I recently used cursor scrollability, so I can show you a use case:github.com/cybertec-postgresql/db_migrator/blob/master/db_migrator--1.0.0.sql#L49
The goal is to get the query result count right away, without having to run a second query for it: you declare the cursor, move to the end of the result set, fetch the ROW_COUNT, then move back to the beginning of the result set and start fetching the result rows.
...I personally find that reading the PostgreSQL documentation gets you far, but only so far: for deep understanding, you have to read the code. It is usually well
documented and readable, and I have come to see it as an extension of the documentation that covers the details.
Thanks for the link to your SQL file at the line where you get the row count in the way that you describe. I saw that this is in the PL/pgSQL source text for function "materialize_foreign_table()" (~200 lines). And I saw that you use the cursor mechanism that we're discussing here in only one other function, "db_migrate_refresh()" (~480 lines). But this second one doesn't use the "move forward all" device to get a row count. I looked only at these two functions.

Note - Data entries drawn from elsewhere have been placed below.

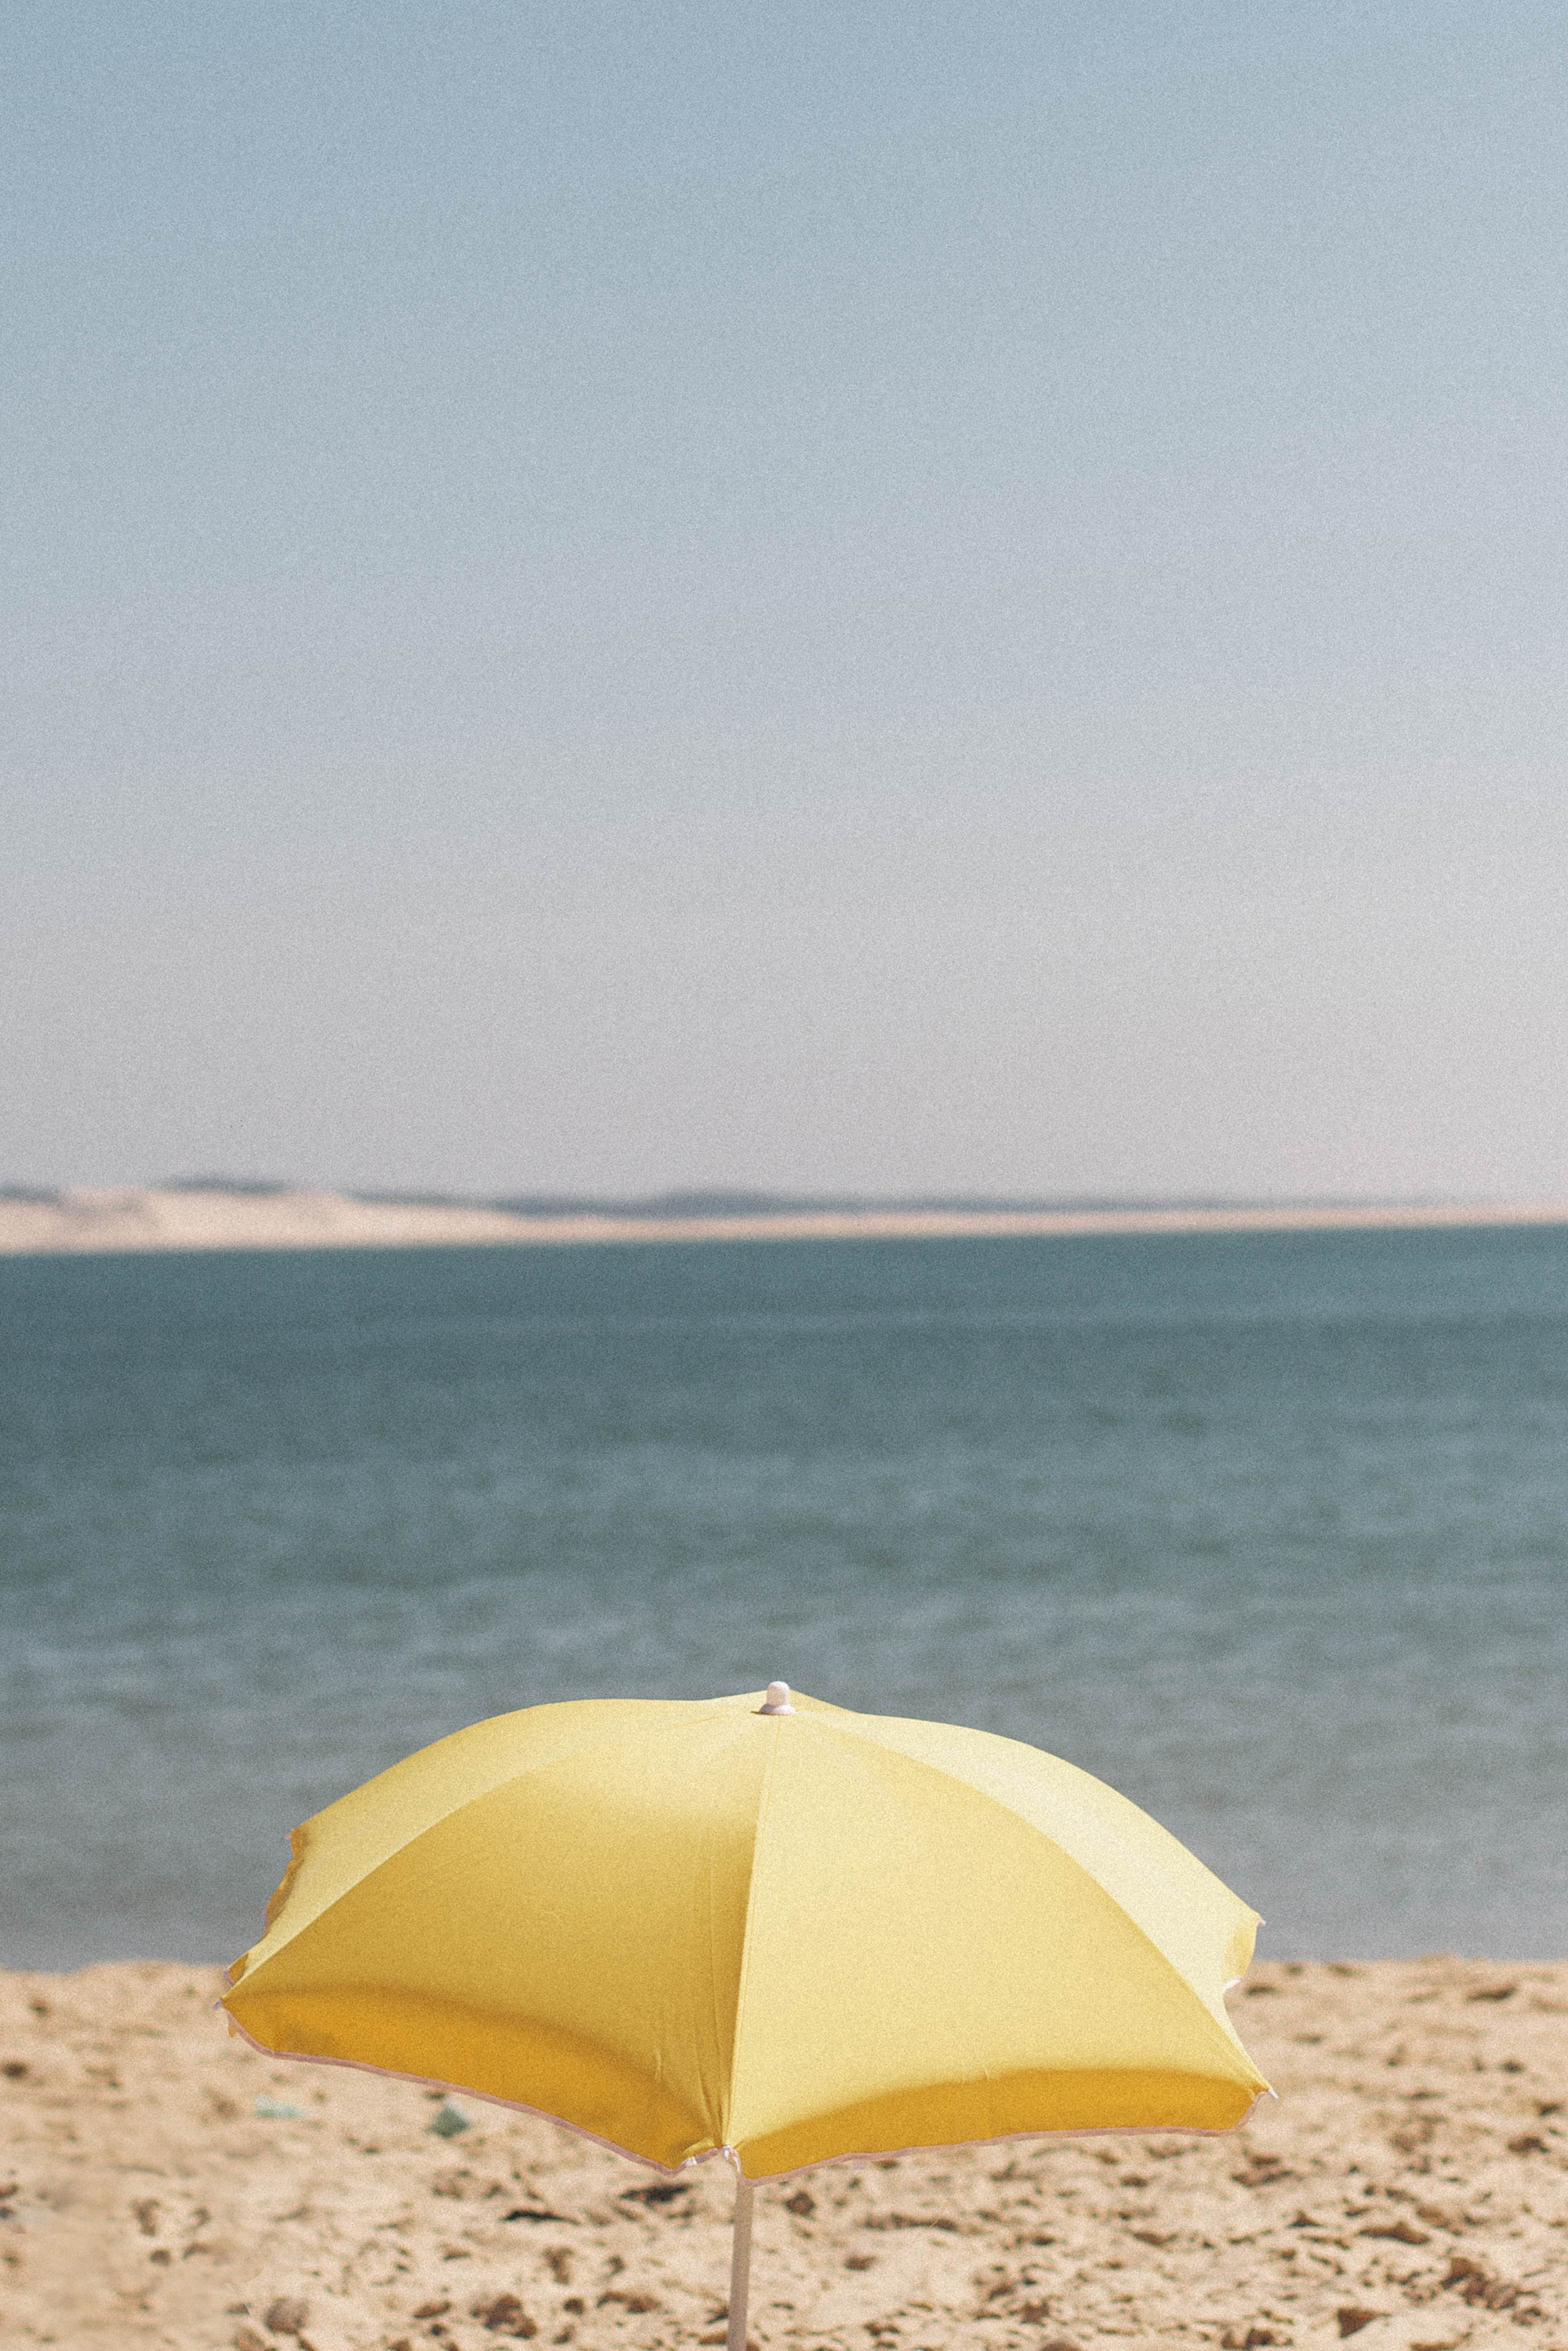 Mimi_hammer-la babineau-beach life- beach photography-lifestyle-travel-girls-portrait of a girl-beach-swimsuits-15
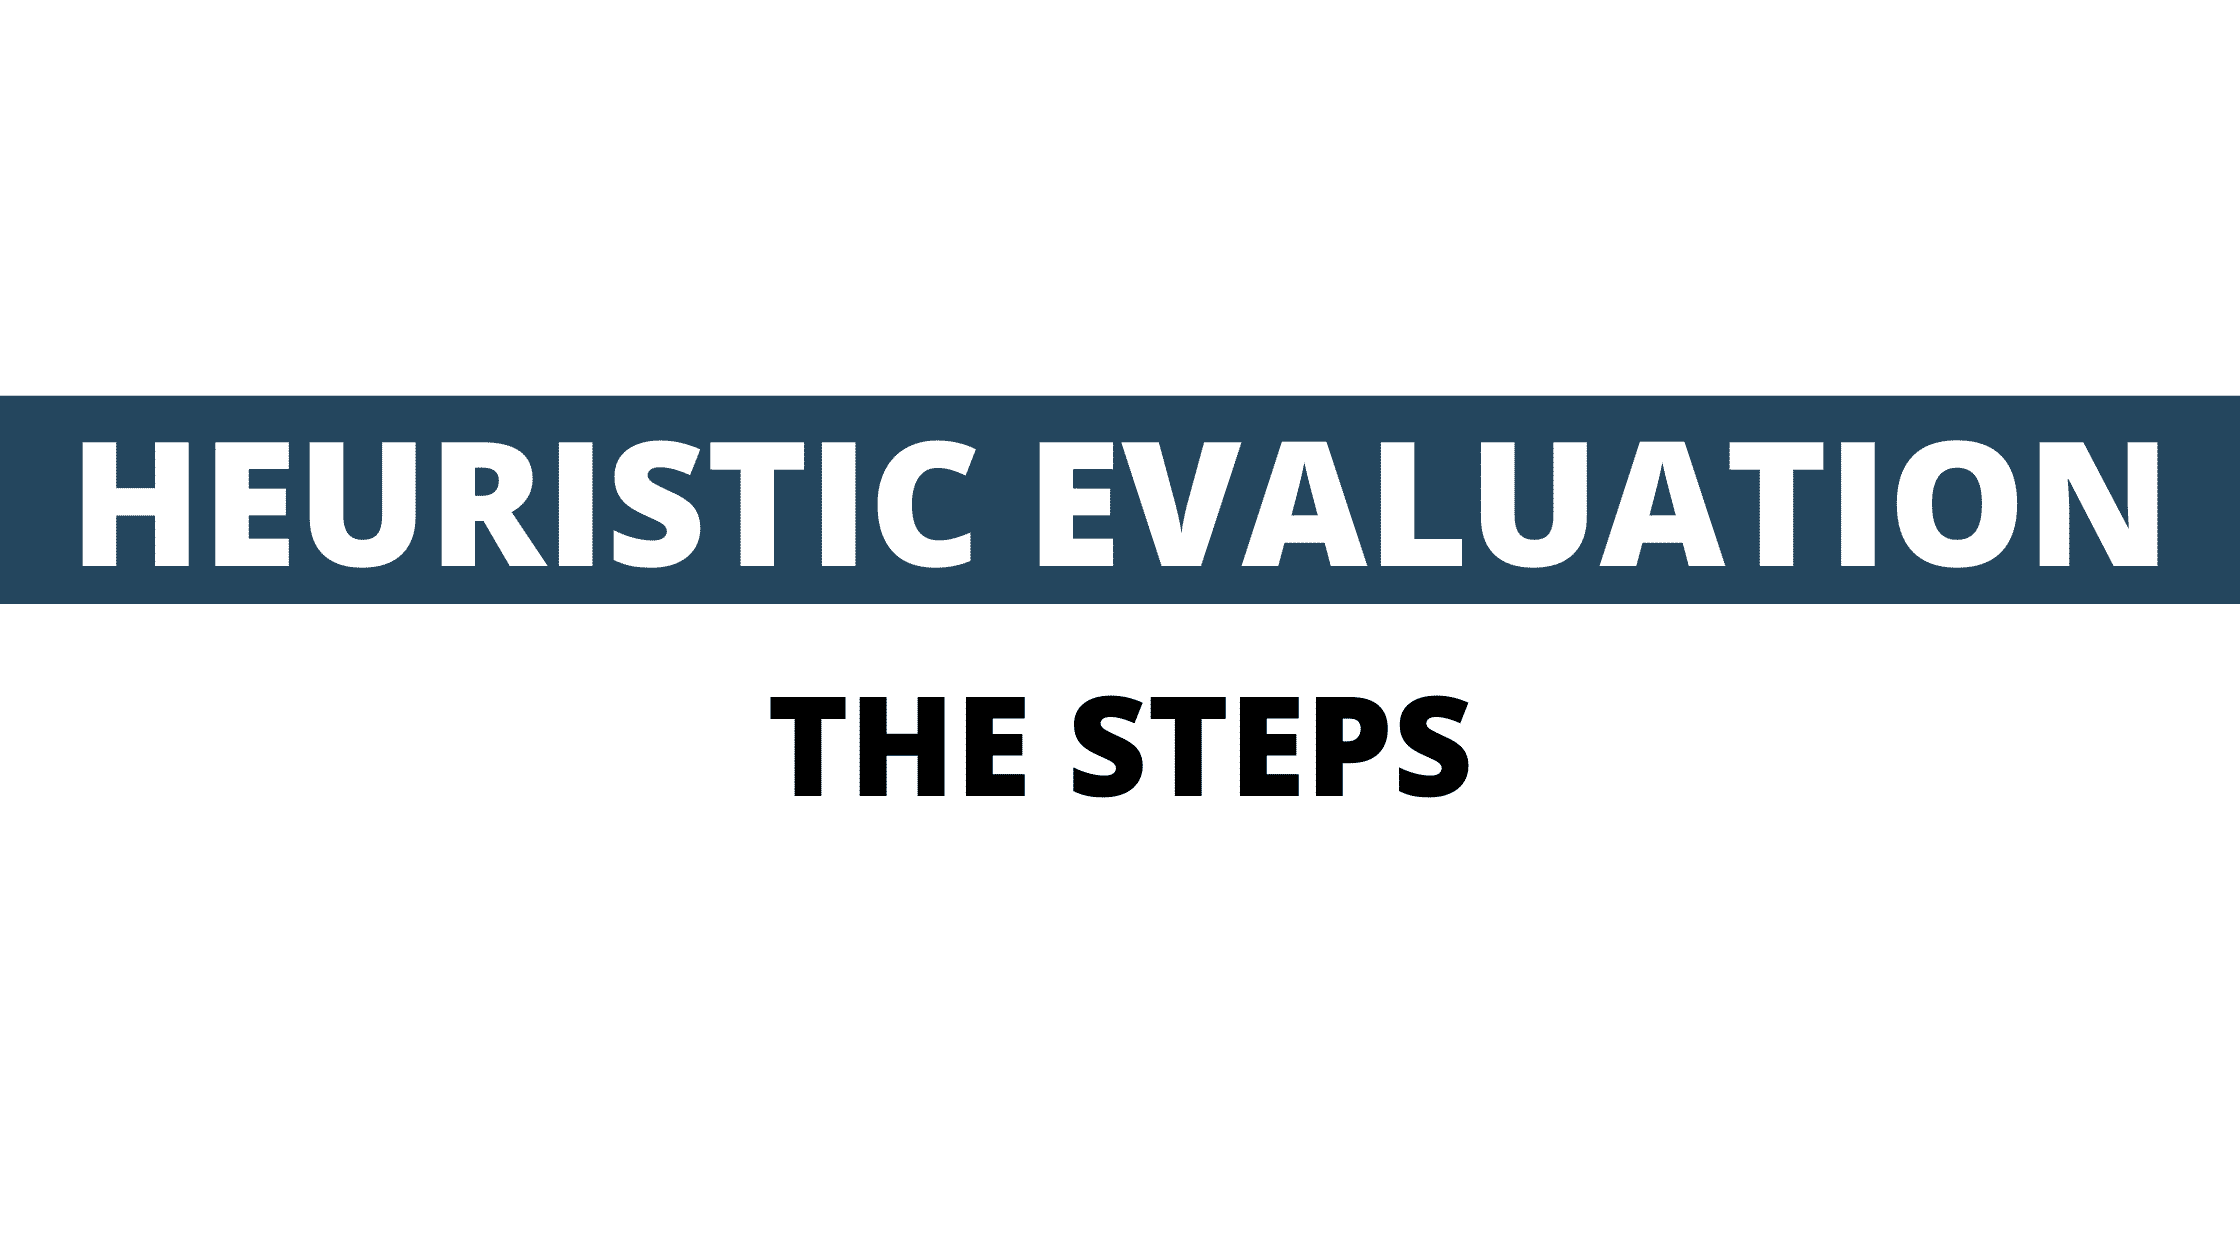 How to do a heuristic evaluation
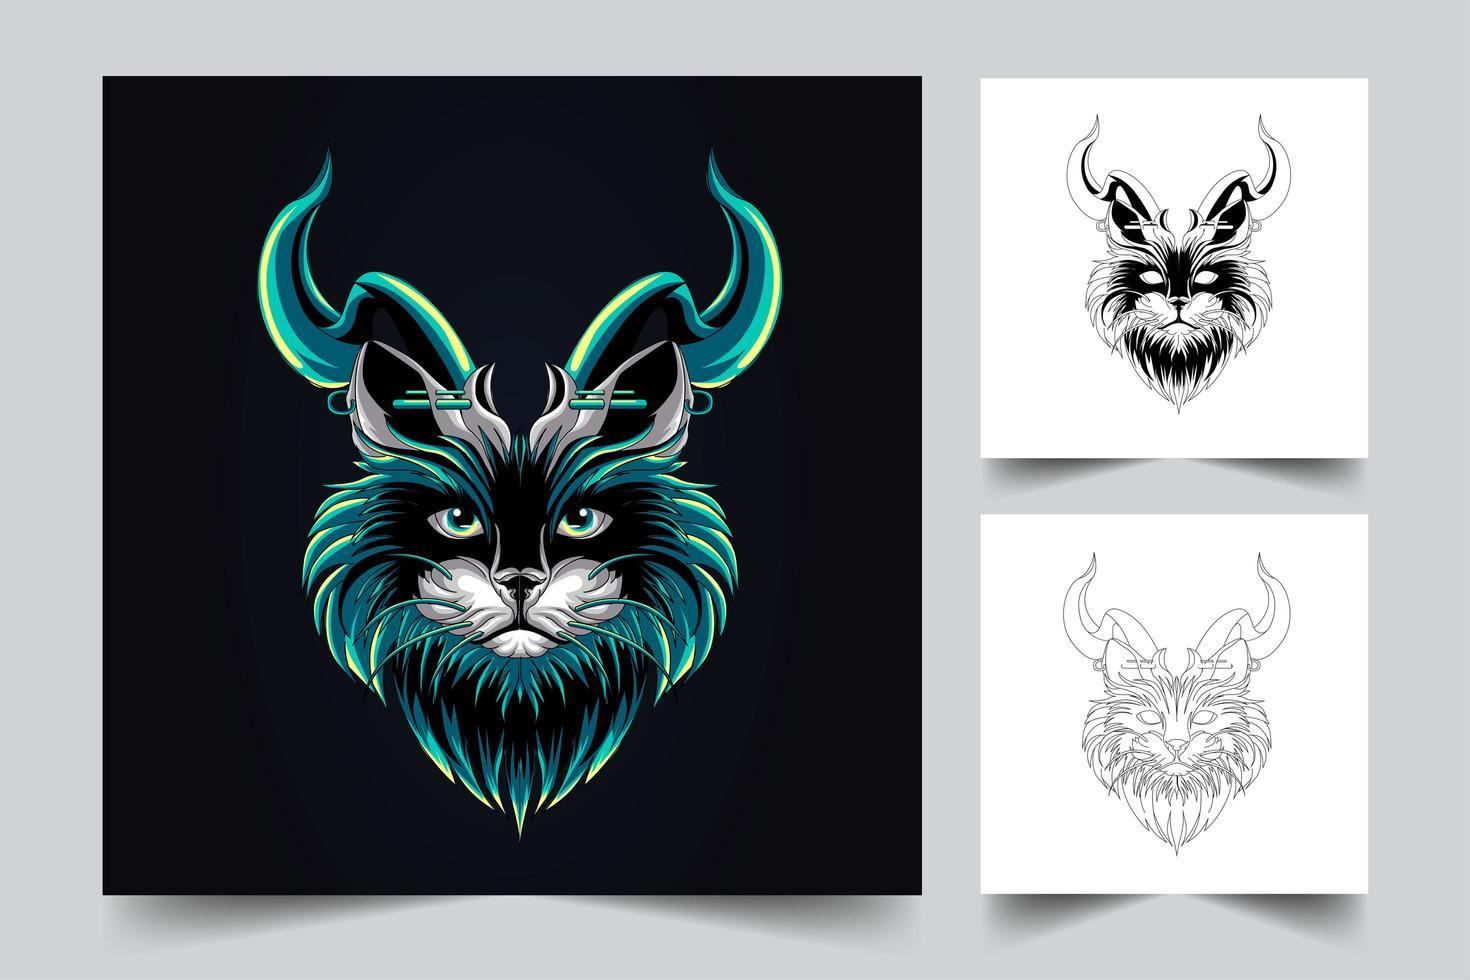 cute cat artwork illustration vector

I noted that neither of these functions has a refcursor formal argument and that, rather, you open (i.e. create) each of the three cursors that you use within the two functions that uses them. I noted, too, that for the three "select" statements that you use to open your refcursors, none of these has an "order by". I noted that your code implements "create table destination" and "insert into destination... select from source..." where order doesn't matter.
However, source code famously reveals only what it does and not what the author's intention, and overall design philosophy, is. I looked at the README accounts for these two functions here:
But these accounts say nothing about the design of their implementations. The accounts, and the bigger picture, seem to imply that read consistency in the presence of concurrent activity from other sessions is not a concern. I'm guessing that this is accounted for upstream from how the code that I'm looking at operates—i.e. that the source database is extracted to staging tables like, say, export does so that your code operates as the only session that reads from, creates, and populates the tables that it references.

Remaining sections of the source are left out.